Studies in the GC-C-null mice documenting accelerated mortality during oral S. Typhimurium, but not by intraperitoneal infection, provided most definitive evidence for the role for GC-C in providing protection against enteroinvasive infections [6]. Consistent with this finding, in vitro and in vivo studies indicated that GC-C deficiency enhanced S. Typhimurium invasion of the intestinal epithelium [7]. General stress response markers including raised serum cortisol, thymic atrophy, and depletion of CD4/CD8 thymocytes were exacerbated in Salmonella-infected GC-C-null mice [6]. Quantitative real-time PCR analysis of the ileum showed elevated cytokine and chemokine expression, and histopathological examination showed marked epithelial damage, submucosal edema, thinning of mucus lining, loss of goblet cells, focal tufting, and distortion of the crypt–villus architecture in GC-C-null mice following oral S. Typhimurium infection [6, 7]. Mechanistically, Salmonella infection downregulates GC-C-cGMP axis and suppresses IL-22-mediated host antimicrobial defenses and alters the gut microbiome [6].
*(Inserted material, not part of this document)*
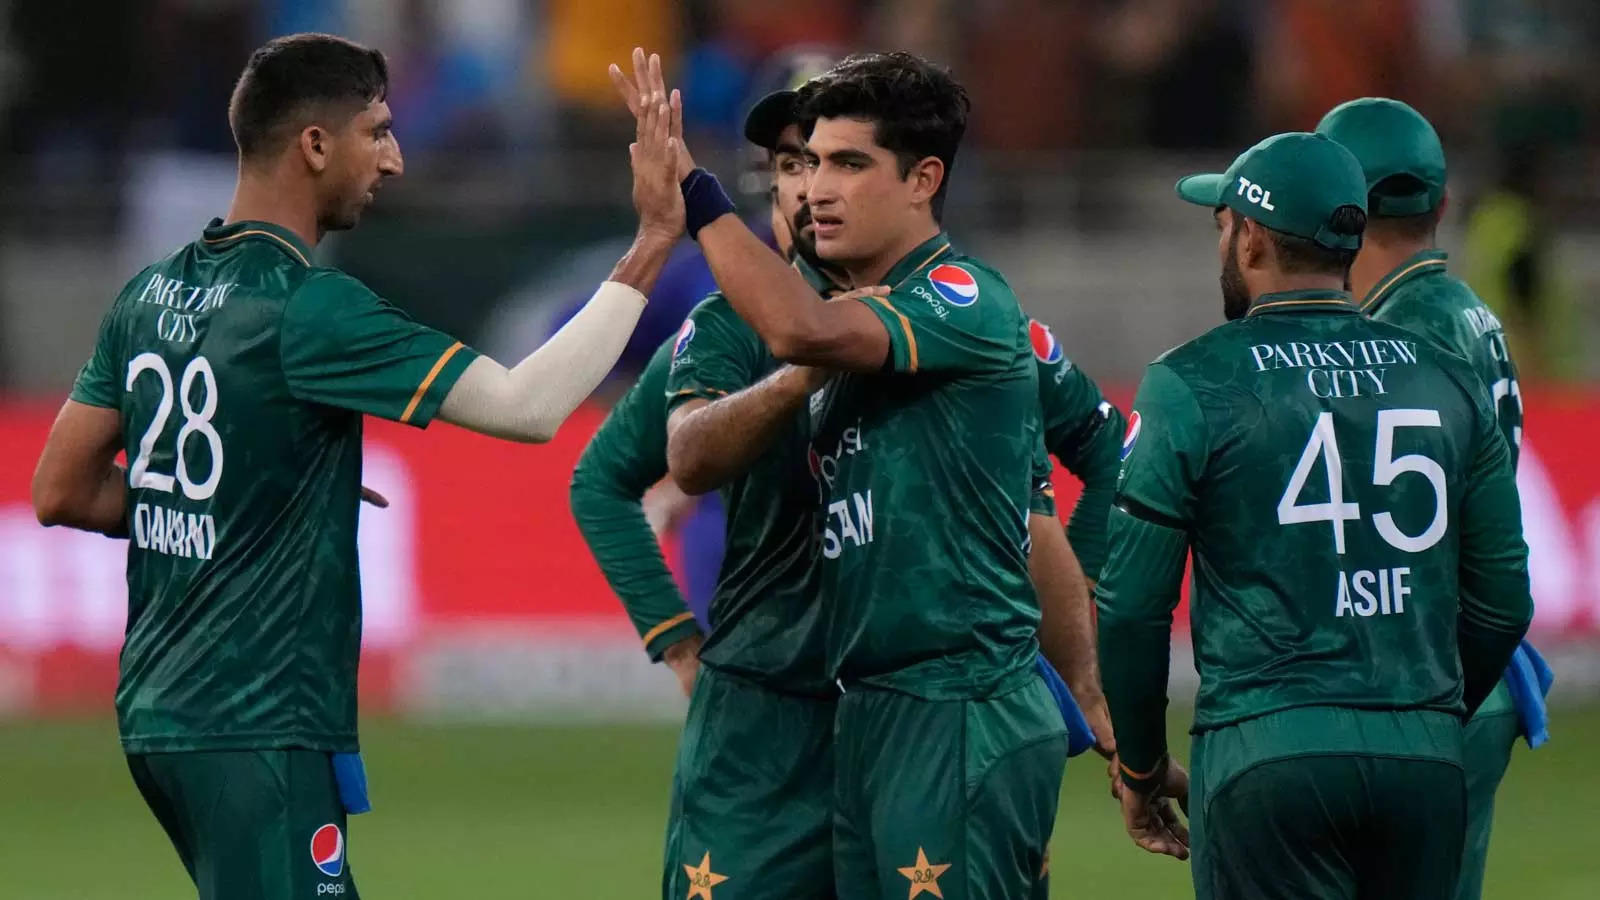 Pakistan were beaten by India in their first match

Guanylyl cyclase C-null mice infected with Citrobacter rodentium, the natural rodent pathogen closely related to EPEC and enterohemorrhagic E. coli, also showed enhanced susceptibility and systemic dissemination, indicating compromised immune defenses against an attaching–effacing enteric bacterial pathogen [66]. Taken together, the unique mechanism linking cGMP signaling, mucosal homeostasis, and host immunity established GC-C as a key player guarding host intestine from some enteric pathogens. Given the importance of GC-C signaling in intestinal barrier function, and the use of linaclotide and plecanatide, two recently FDA-approved oral GC-C agonists for managing irritable bowel syndrome with constipation [67], this opens up new possibilities for treating enteroinvasive diseases.

Ionic regulation of inflammasomes and pyroptotic cell death

The activation of inflammatory and immune pathways during infection, for example, by Toll-like receptors, is well understood. Here, we discuss pathways called the inflammasomes which have emerged as important mediators of inflammation, and potential regulation of their function by ionic imbalances induced by bacterial enterotoxins.

The inflammasome is an intracellular multiprotein complex that detects pathogenic microorganisms and sterile stressors, resulting in the production of the pro-inflammatory cytokines IL-1β and IL-18 and subsequent cell death by pyroptosis. Inflammasomes play a central role in mucosal innate immunity and provide the first-line host defense against enteric infections [68, 69]. Inflammasomes assemble through the actions of sensor proteins that include the family of nucleotide-binding oligomerization domain (NOD), leucine-rich repeat domain proteins containing a pyrin domain or caspase activation and recruitment domain (CARD), absent in melanoma 2-like receptors, or the protein pyrin. These proteins oligomerize to recruit and activate caspase-1 through an adaptor protein called apoptotic speck-containing protein with CARD (ASC). Upon activation, inflammasomes form single ‘foci’ or ‘specks’ which contain the sensor, ASC, and caspase-1. The catalytic activation of caspase-1 results in proteolytic maturation of pro-IL-1β and pro-IL-18 and the cleavage of gasdermin D (GSDMD). The N terminus of cleaved GSDMD forms pores that result in loss of ions and influx of water, resulting in cell swelling and lysis during pyroptosis.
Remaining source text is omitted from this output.